Sub-watershed delineation and monitoring site setting.

Figure 2

Sub-watershed delineation and monitoring site setting.

Rainfall is generally considered the main source of the annual runoff, and precipitation during the rainy reason accounts for 80 to 85% of the total annual precipitation. Consequently, we collected monthly water samples from the 52 monitoring sites during the rainy season, from July to September 2013. Because several rivers were ephemeral, we collected 48, 52, and 51 water samples in July, August, and September, respectively. Water samples collected during the day were submitted to the laboratory for chemical analysis the next day. The monthly water samples were collected within a 4-day sampling period after a heavy storm. During the sampling period, there was no rainfall and the runoff resulting from the previous rainfall had become smooth, which could mitigate the impact of flow conditions on water nutrients. Also, the runoff from the same rainfall occurrence would reduce the variability of the flow conditions between different watersheds to a large degree.

Land use qualitative calculation

Using four Landsat-8 Operational Land Imager images from 2013, we visually interpreted the land use map of the study area. Four land use types, including arable land, forest, grassland, and residential land, which are closely related to water nutrients, were interpreted. The other types of land use, including open water, industrial and mining land, and road and unused land, were grouped together as ‘other land’. A total of 910 ground reference data were used to assess the accuracy of the land use map. The overall accuracy and the kappa coefficient (Congalton 1991) were 0.902% and 91.70%, respectively, confirming that the land use map was highly accurate. To analyze the relationship between the land use and water quality variables at the sampling sites, boundaries of sub-watersheds (Figure 2) were used to delineate the limited contribution range of land uses to water nutrients and calculate land use proportions.

Chemical analysis methods

To fully characterize the water eutrophication level in the catchment, six water nutrient concentrations were analyzed in the samples from 52 monitoring sites. TN, nitrate nitrogen (NO3-N), ammonium nitrogen (NH4+-N), total phosphorus (TP), chemical oxygen demand (COD) and biological oxygen demand over 5 days (BOD5) were measured. All analyses were done in accordance with the national quality standards for surface water in China (HJ554-2010). The chemical analysis methods employed were TN, alkaline potassium persulfate digestion, coupled with ultraviolet spectroscopy; NO3-N, ultraviolet spectrophotometry; NH4+-N, Nessler's reagent spectrophotometry; TP, the ammonium molybdate spectrophotometric method; COD, the potassium dichromate titration method; and BOD5, the dilution and seeding method over 5 days.

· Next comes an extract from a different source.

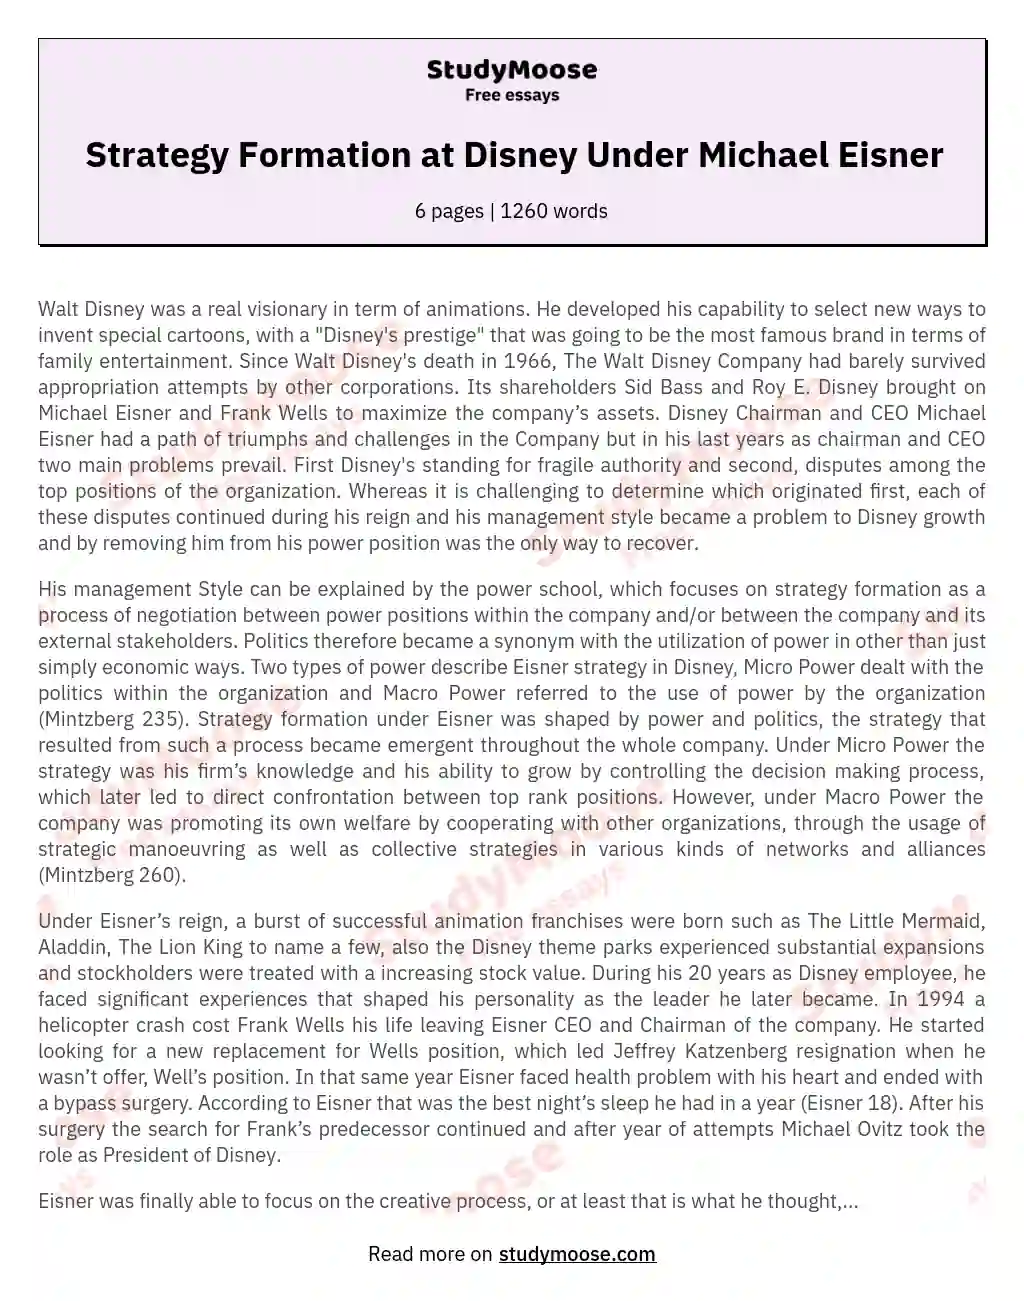 Strategy Formation at Disney Under Michael Eisner essay

Statistical analysis methods

Cronbach's Alpha Reliability Coefficient (Gliem & Gliem 2003) was calculated by using six water nutrient concentrations, collected by repeated sampling over three months to assess their internal consistency at the sampling sites. The coefficient normally ranges between 0 and 1, and can be interpreted with the following rule of thumb: >0.9 is ‘Excellent’; [0.8, 0.9] is ‘Good’; [0.7, 0.8] is ‘Acceptable’; [0.6, 0.7] is ‘Questionable’; [0.5, 0.6] is ‘Poor’; and <0.5 is ‘Unacceptable’ (George & Mallery 2003).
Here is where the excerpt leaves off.